Он вернулся взглядом к банке. Намешано бестолково… От своей теперешней никчемности, оттого, что пять тысяч человек, во главе которых он стоял еще во вторник, а теперь, в пятницу, он неизвестно кто, Константин Львович содрогнулся. Протянув похолодевшую руку, открыл тумбочку, нашарил тряпичную сумку. Неверной рукой потянулся к банке, поставил в сумку, распахнул окно и поставил все на подоконник.
Спустя минуту, опять лежал поверх казенного одеяла, прислушивался. Гремя ведром, вползла старая ругливая санитарка, и он сомнамбулически начал угождать ей в уборке: отодвигать стулья, переносить ведро. Вот всунулось чье-то лицо на предмет установления точного времени, и он с подобострастием сообщил, который час. Крохотный дедулька, подремывающий в дальнем углу, задумал похрапеть, и Константин Львович с терпеливым пониманием отнесся к происходящему.

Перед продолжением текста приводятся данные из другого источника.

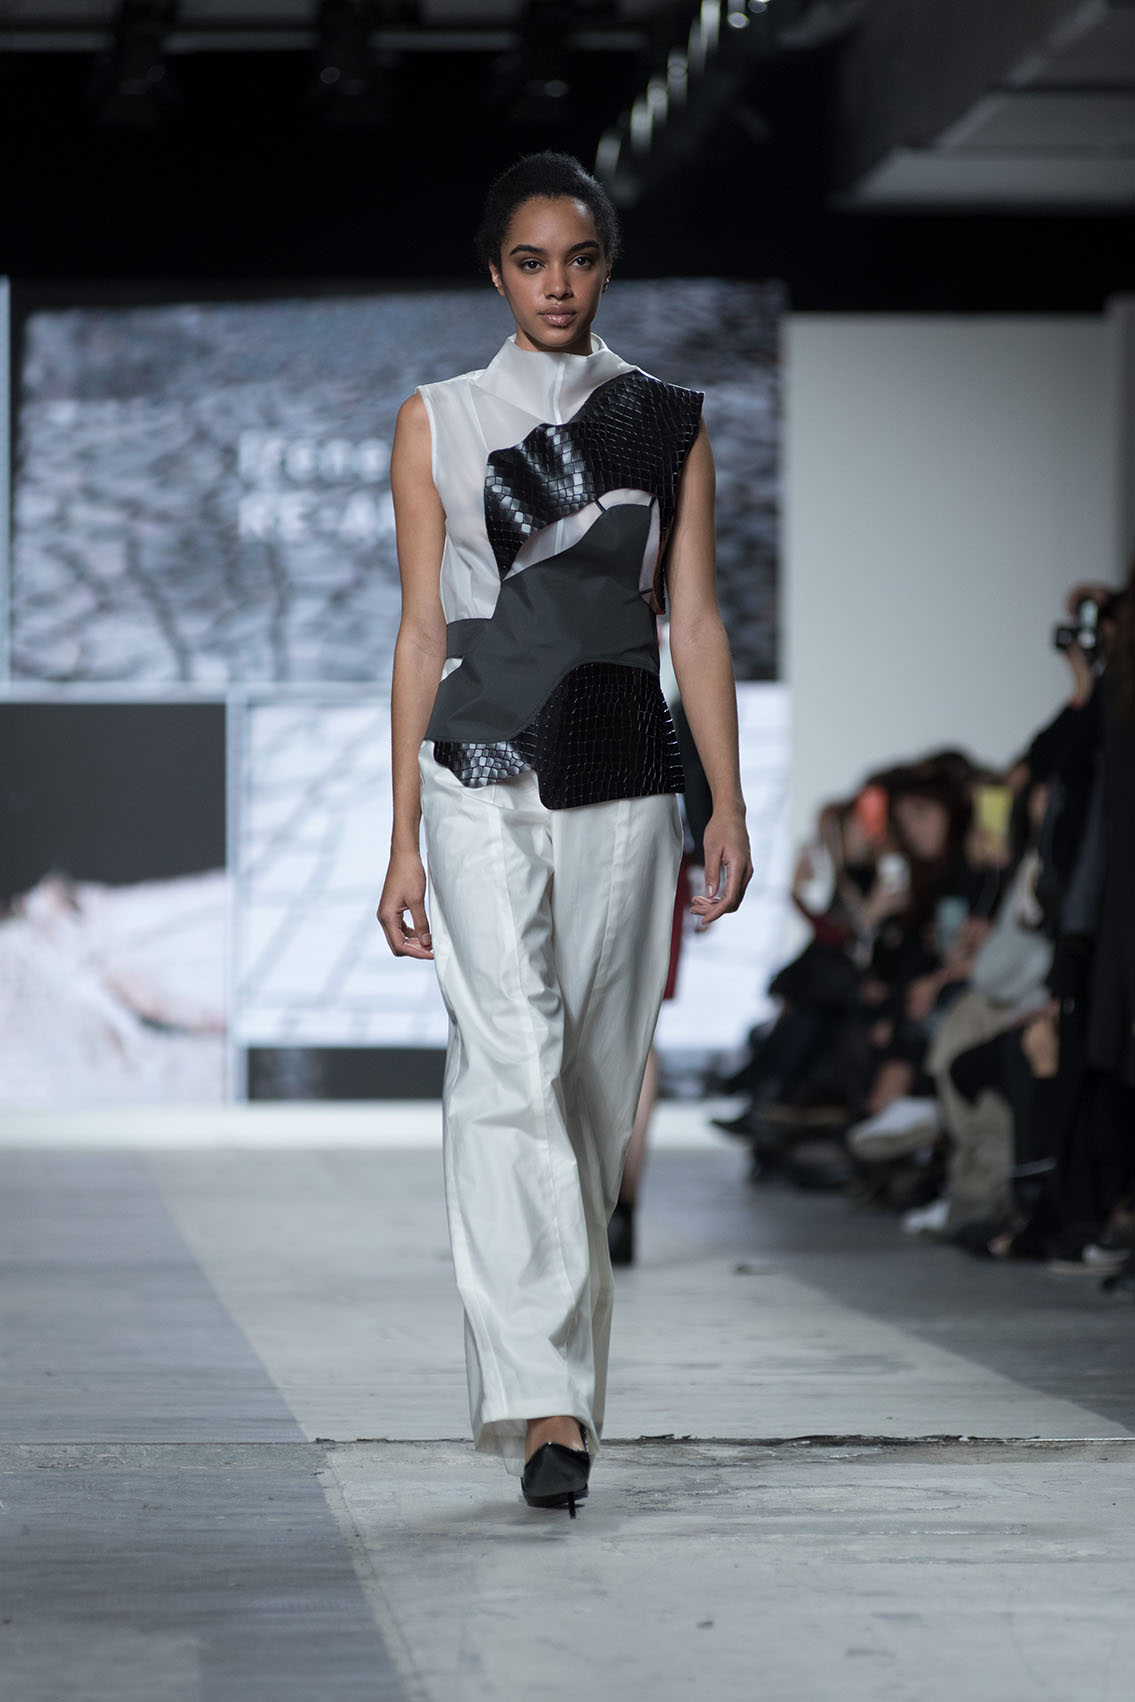 Fashion Designer: Irene Incontri - Fashion Graduate Italia Fashion Show - Istituto Secoli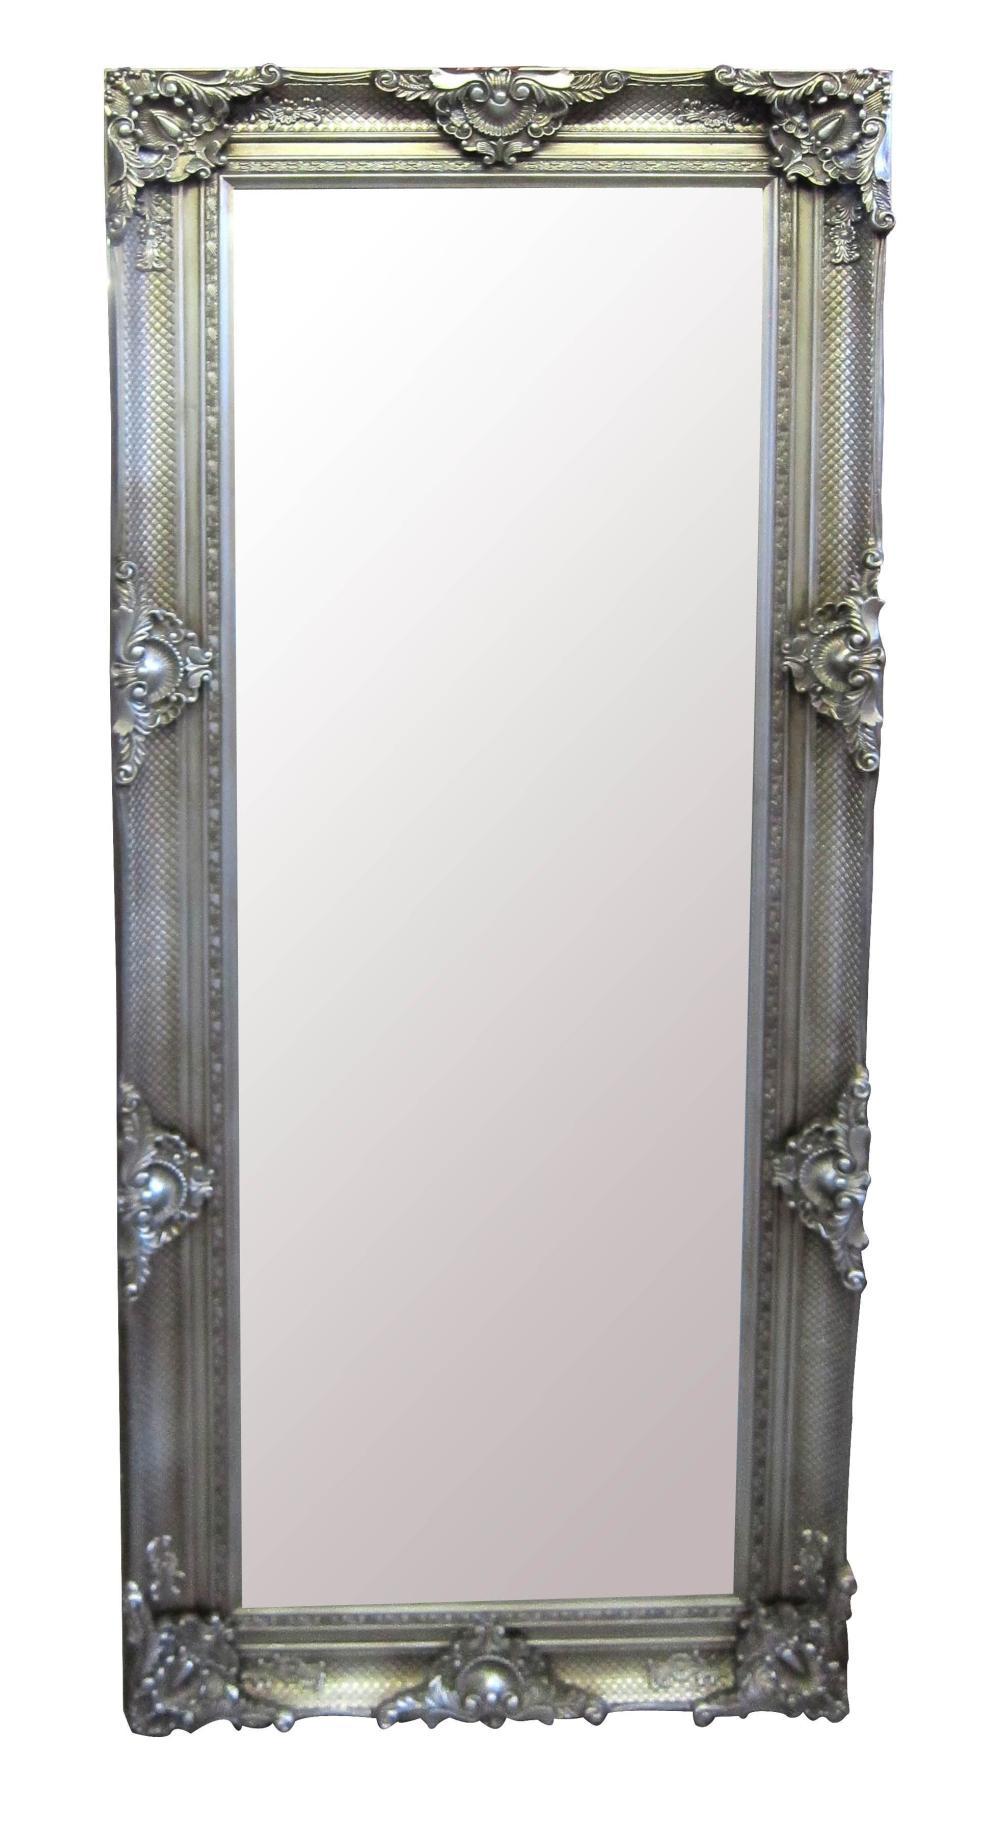 Rectangular wood-framed mirror

Однако не уходило из головы: «Сколько ждать?» Обход, судя по всему, заканчивался, а сюда никто не заглядывал. Хотелось и не хотелось увидеть врачей, но в любом случае они должны были появиться. И сказать.
Шорох за окном заставил отвлечься. Подоконник с той стороны был пуст. Тотчас же дверь распахнулась. Дыхание Константина Львовича свело. Он покорно поднялся и встал навстречу нечетким фигурам в белом.
- Ну, даете, дорогой друг, - буркнул материализовавшийся Антоныч. – Оба даете. Особенно супружница. «Положите, ай-ай, срочно положите», - запричитал доктор на женский манер. – А смысл? Гастрит и дома пролечивается. В спокойной семейной обстановке. – Антоныч хихикнул и хлопнул себя по колену. – Домой, уважаемый, завтра же.
- Гастрит? Как? – переспросил ватно Константин Львович.
- Не более того.
…Ночью он проснулся от голода. Тихо поднялся, осторожно раскрыл створки окна, высунулся почти до пояса во двор, однако в сером свете фонарей сумки внизу не разглядел. В шлепанцах и халате прокрался к запасному выходу, аккуратно отодвинул гладкую щеколду. С крыши редко капало. Осторожно, придерживая живот, увесистым привидением скользя по гололеду, свернул за угол. Сумки не было. Походил вдоль стены – без толку.
- Не могли же с асфальта слизать вместе с осколками, - возмутился вслух Константин Львович, поднимая голову к небу. Ничего себе! Сумка, зацепившись за самый край подоконника, отчетливо чернела на фоне светлой стены.
- Это шо там за гости? – вскрикнул издалека ночной сторож – А ну…
Не дожидаясь охранщика, Константин Львович подхватился, чертыхнулся задорно, с настроением, и рванул назад - в тепло, в палату, к борщу. До утра.